Morning Spink - its difficult being around babies isn't it, but I'm glad you had a positive experience with your bf baby, even if you were a bit too. In terms of starting again, that is just something for you and dp to decide, no one else can tell how you're feeling really, and it can feel quite a big step (and result in more tears, which can be a bit depending on when they arrive (but if this is the case, I'm sure he'll understand))

Ds is 3 in April. He is just starting to be a really nice little boy (at times), saying thank you unprompted, saying sorry unprompted (we get quite a bit of this at the moment as he's a little rascal too) but he is lovely with younger children - he will take their hand, help them up if they've been knocked over etc.

MollieMooma · 18/03/2008 10:49

CeCe so pleased that you haven't got as much pain this time round, sounds like things are on the up!
Bunny No I'm not one of the ones doing acupuncture, do you think that would sort out my longer, heavier AF? I'll see what happens next month, unless I'm pg by then >
Spink With regard to waiting like Mistle said only you will know when your ready. I kept thinking to myself if I got pg straight away and had another m/c would I cope, and decided I could, possibly, maybe! Thanks for joing forces on the new babies,, as the song says "We will survive" it's just a bit pants at time!
Emmsy I so hope the next 13 sleeps fly by for you hun, so glad your not going to let the booking clerk get away scott free (if she's at fault)
Mistle Your ds sounds so cute, any chance of a photo on your profile of him? No probs if your not comfortable with that it just gives me something to ooh and aah over!
I'm up for the bacon buttie and the pain au chocolate, I'm such a pig!!!!

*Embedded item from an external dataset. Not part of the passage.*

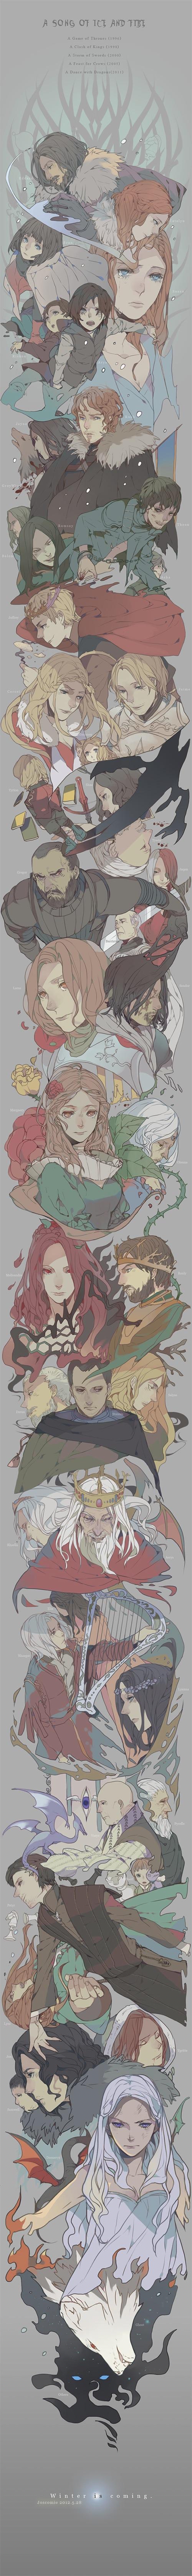 Epic GAME OF THRONES Anime Style Scroll Art u2014 GeekTyrant

MollieMooma · 18/03/2008 10:49

Oh but can I have yorkshire tea instead of coffee??

ClairePO · 18/03/2008 11:47

I have yorkshire tea and lindt choccy bunny, wanna share?

MollieMooma · 18/03/2008 12:09

Yes please!!!!!!

cece · 18/03/2008 15:39

Spink - we had to wait due to a few gynae problems I have been having. At the time I was very upset about it, but looking back with some perspective I can see that it may have been a good thing to leave it a couple of months. TBH if I had then got pg and had another mc I would have been in pieces. At the time I thought I was doing OK after losing the baby but I now know that I wasn't really.

Only you know if you are ready or not. We did try the same month before I had an af, as I just felt desperate to be pg again. I didn't want to be pg on 13th Dec 2008 as I thought it would be bad luck.

We have now had two more cycles since then and are about to try again. I feel more together about it and calmer. Hard to explain really.